L'art. 328b CO limite le traitement des données personnelles du travailleur aux seules données qui portent sur les aptitudes du travailleur à remplir son emploi ou sont nécessaires à l'exécution du contrat de travail. Ce principe est complété par les dispositions de la Loi fédérale sur la protection des données (nLPD, en vigueur depuis le 1er septembre 2023), qui renforce les droits des travailleurs : droit d'accès, droit de rectification, droit à l'effacement et obligation de sécurité pour l'employeur. La surveillance électronique des travailleurs (emails, navigation internet, géolocalisation) est soumise à des conditions strictes et doit être annoncée. La violation de l'art. 328b CO peut donner lieu à des dommages-intérêts et à une action en cessation.
Quelle est la procédure pour contester un certificat de travail inexact ou défavorable ?

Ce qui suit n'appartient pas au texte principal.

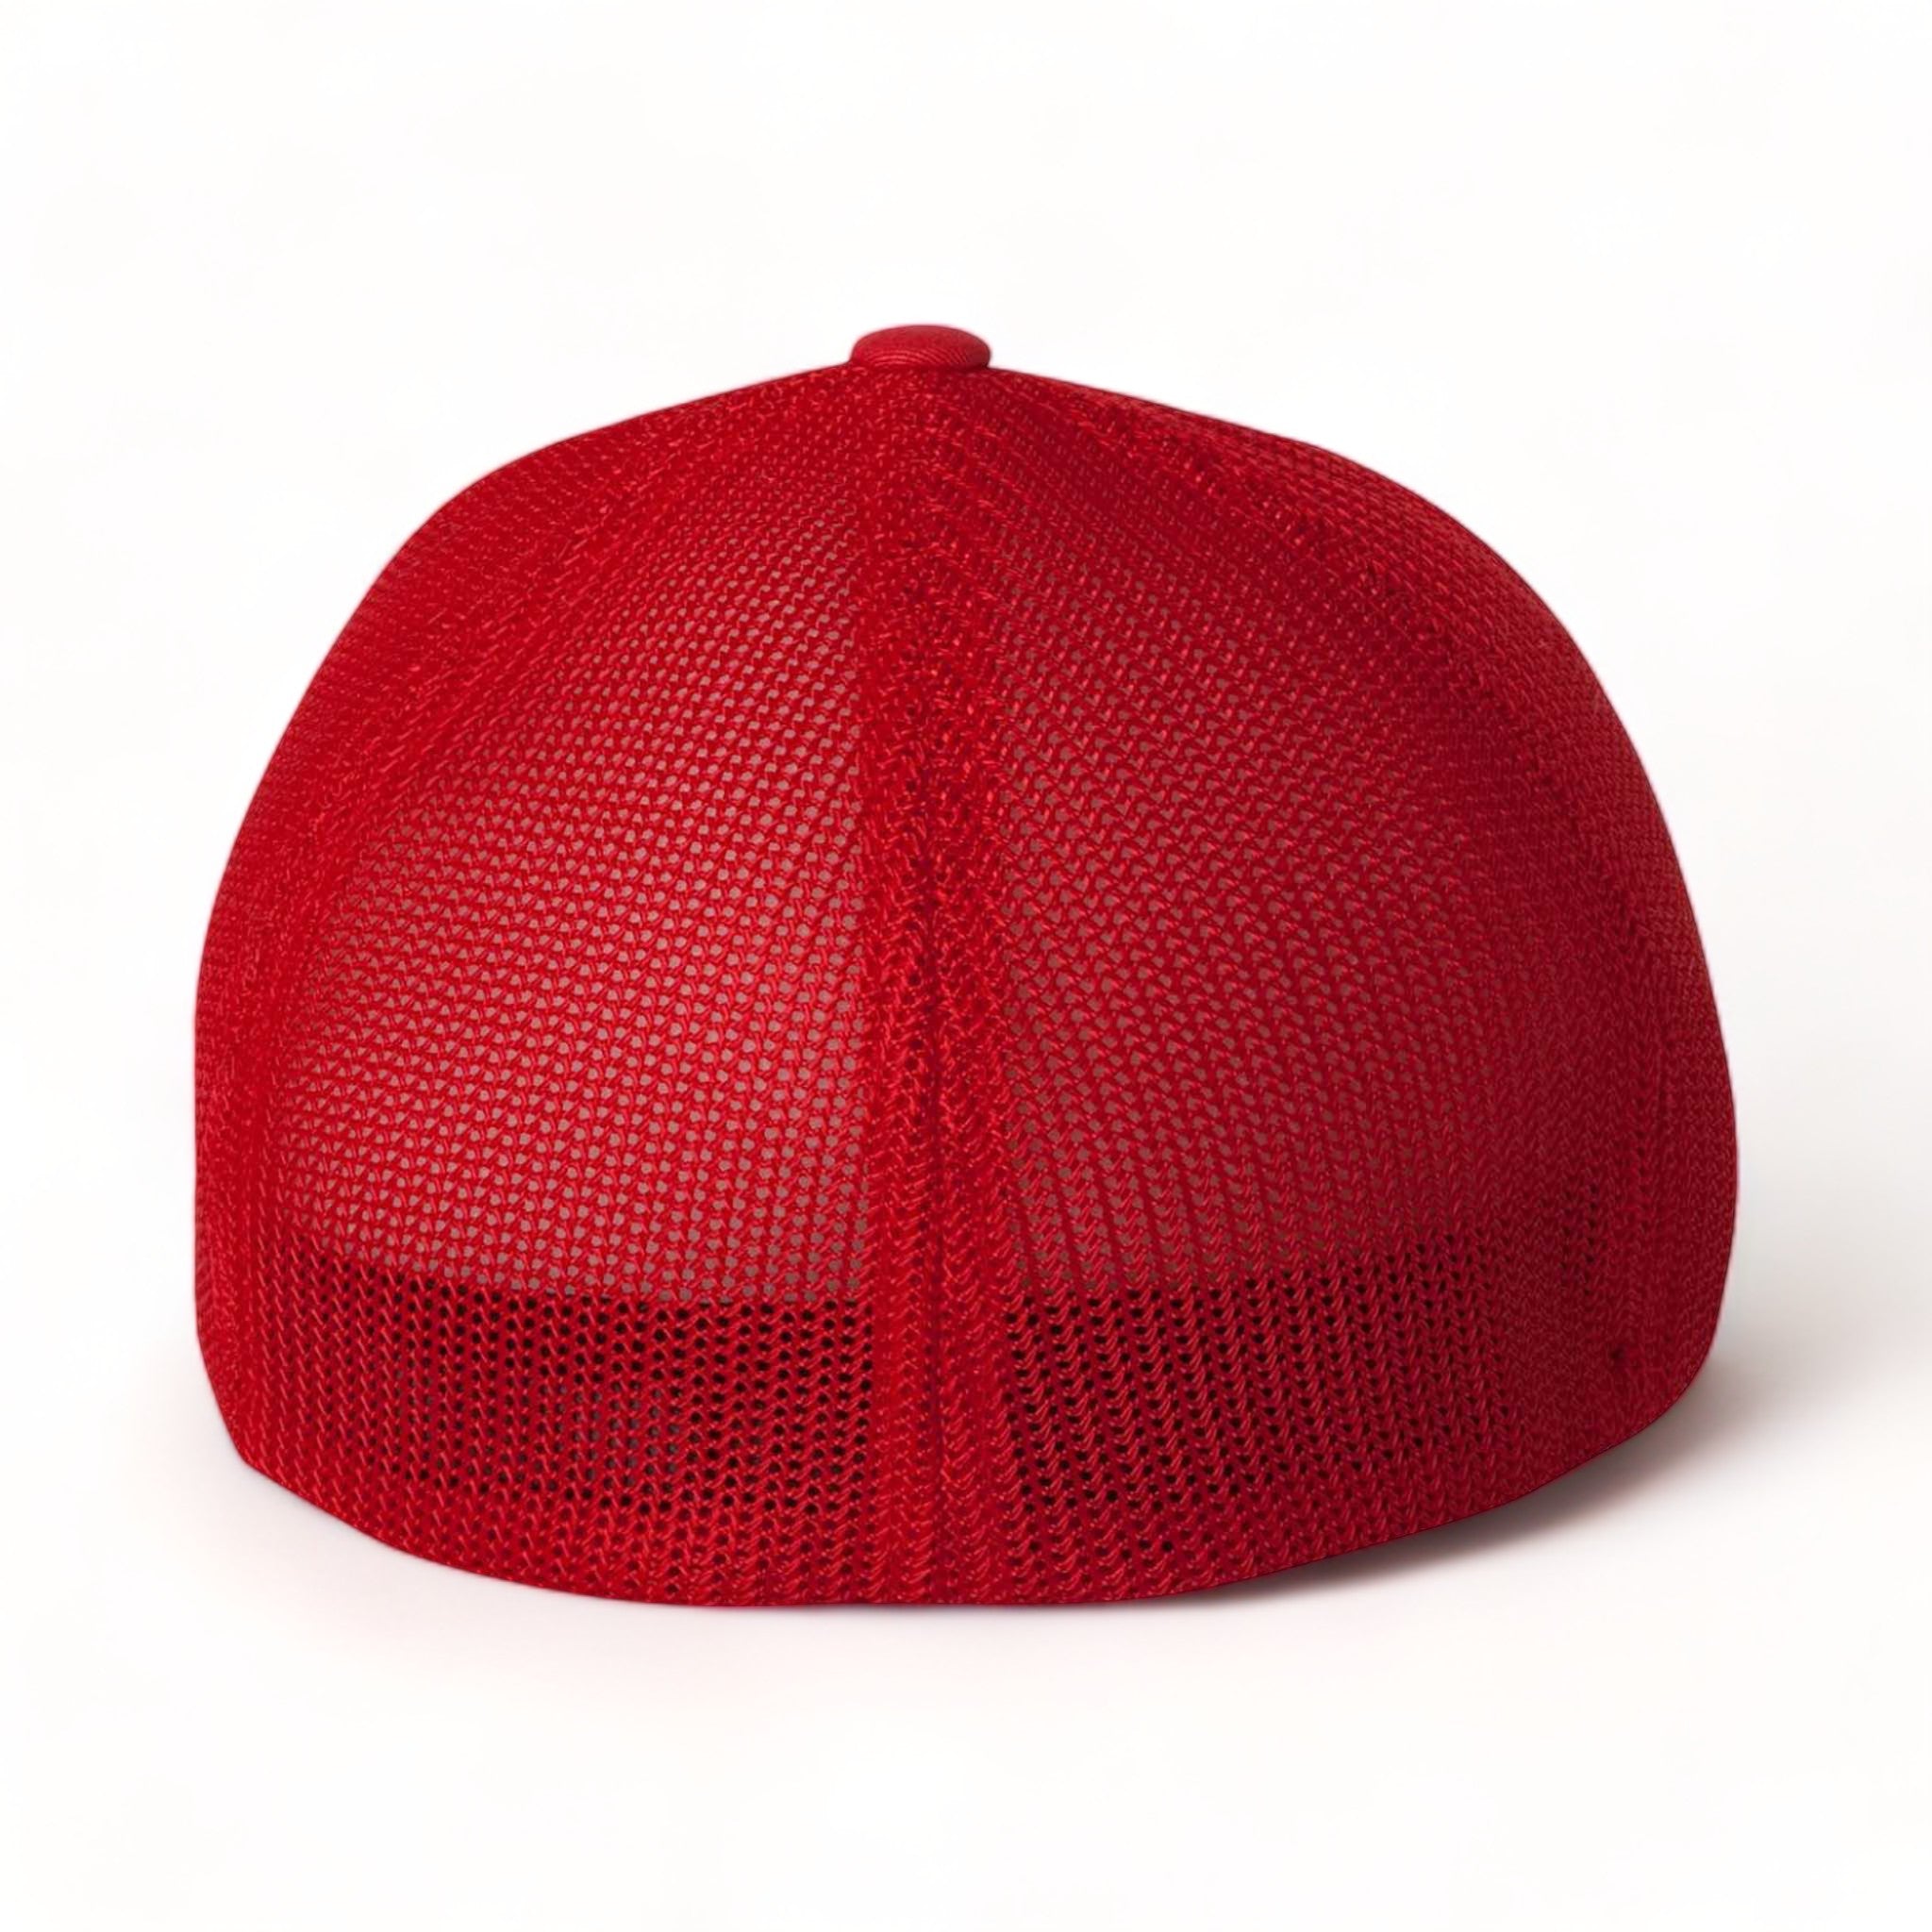 Back view of Flexfit 6511 custom hat in red

L'art. 330a CO confère au travailleur le droit d'obtenir à tout moment un certificat de travail complet, véridique et bienveillant dans sa formulation. Un certificat qui ne satisfait pas à ces exigences peut être contesté en justice. Le travailleur peut d'abord demander une rectification amiable à l'employeur. Si ce dernier refuse, une action judiciaire en délivrance d'un certificat conforme peut être introduite devant le tribunal du travail compétent. Le juge dispose d'un large pouvoir d'appréciation pour déterminer la formulation appropriée. Il n'existe pas de délai légal de prescription pour cette action, mais il est recommandé d'agir rapidement, car la mémoire des faits s'estompe avec le temps.